Changes, everything changes. That is the first law of transhumance, a grazing method that implies constant movement, in order to adapt to climatic conditions and productivity. Following this premise, El Baqueano, after thirteen years of offering contemporary native cuisine – awarded for nine consecutive years in the Latin America’s 50 Best Restaurants list – decided to move towards a more relaxed and accessible area.
The philosophy is the same.Trashumante works with small local producers, collectors and fishermen from all regions of the country, which guarantees a high quality raw material. The menu is oriented towards the maritime, with various options of fish and shellfish, in dishes with a Spanish influence. Among the portions, the fish & chips with grilled potatoes and tartar sauce stand out; the prawn pil pil (at a perfect cooking point, which allows you to appreciate the freshness of the product); and among the main dishes, the roasted pepper casserole with egg and baby squid, and the Andalusian-style catch of the day (with homemade marinade, escalibada and poor potatoes). Being seasonal, the menu changes frequently and there are usually dishes of the day, such as the very fresh trout that we tried the day of our visit.

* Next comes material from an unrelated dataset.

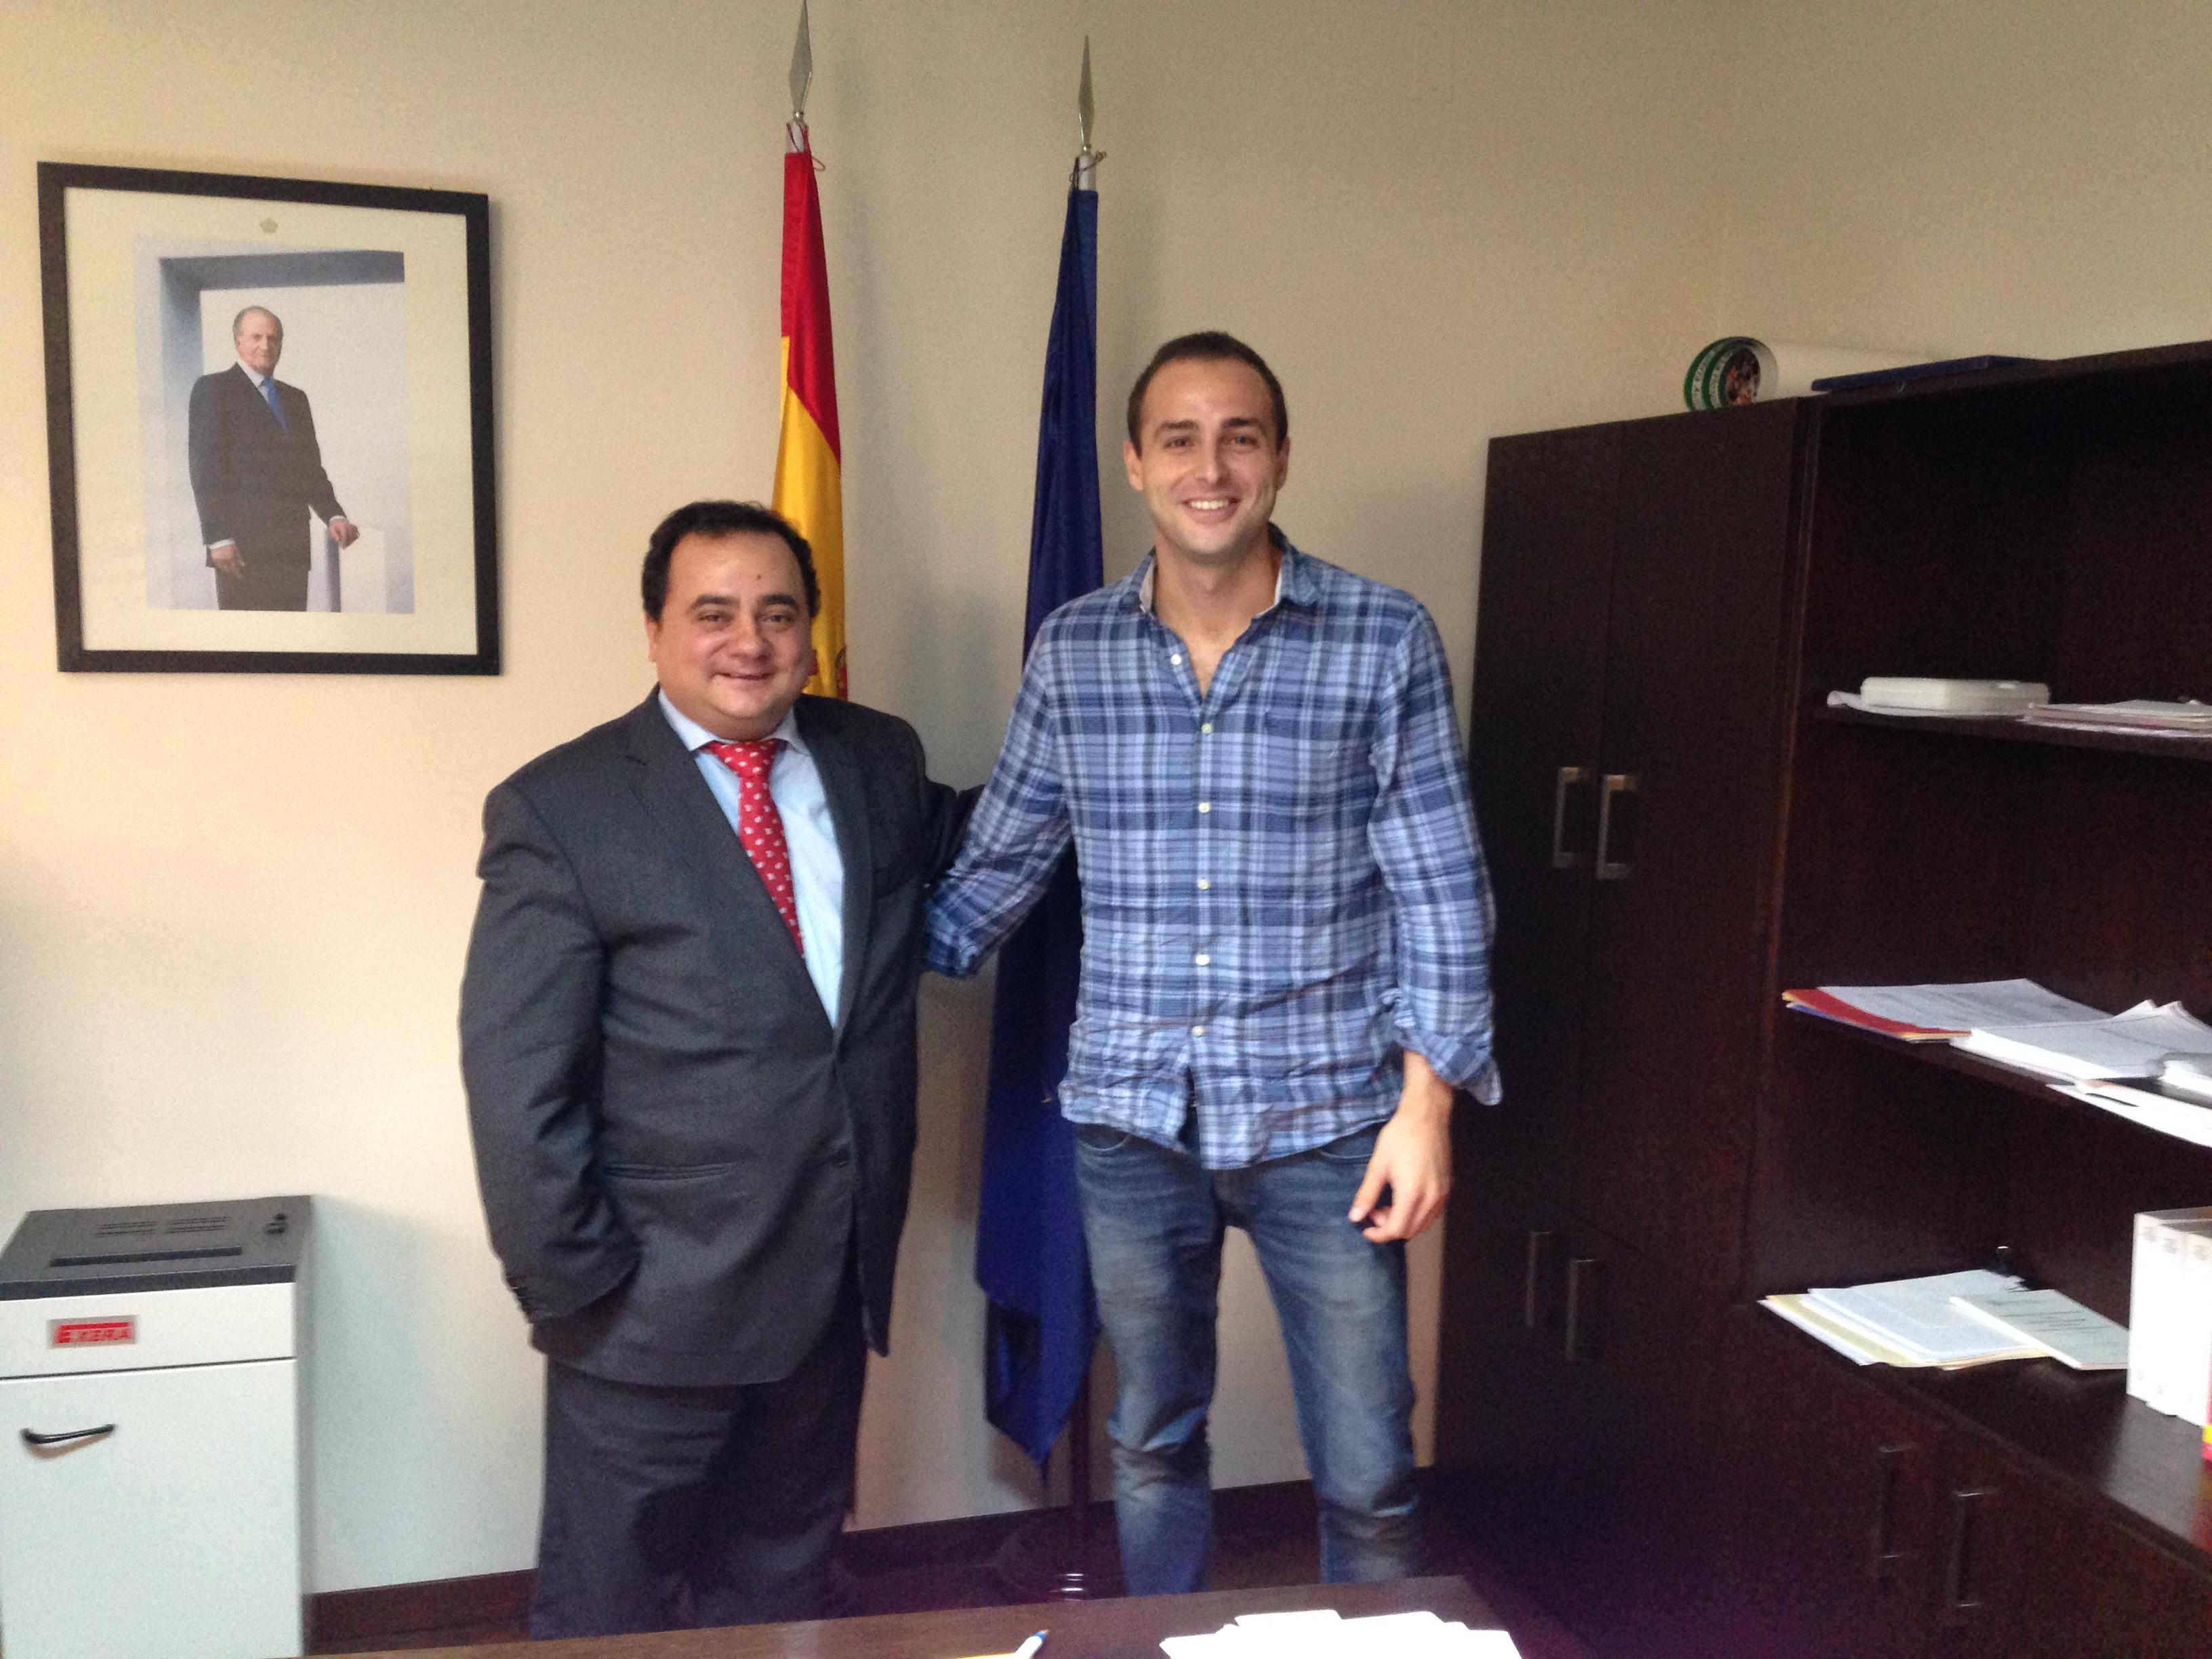 Con Ignacio Sánchez Taboada (Cónsul General de España en Santa Cruz de la Sierra). Previamente sus destinos fueron Jamaica y Angola

Not everything is fishing. Among the snack options, ideal for ordering several portions and sharing, there are house classics such as the rhea and alligator empanadas -also with quinoa and cheese-, the addictive cassava and spinach fritters, and in summer, tomato season, the aguachile of heirloom tomatoes, watermelon, cherries and strawberries. There are also main dishes such as lamb shank, and rice with seasonal mushrooms, egg and guanciale. Among the desserts, you can’t miss the chocolate coulant (the old volcano in the original recipe by Michel Bras), and the “interpretation of the alfajor”, a deconstructed version of our candy.
The big news is that El Baqueano will continue to exist as a restaurant/trade school, an ambitious project that will soon be inaugurated in the city of Salta.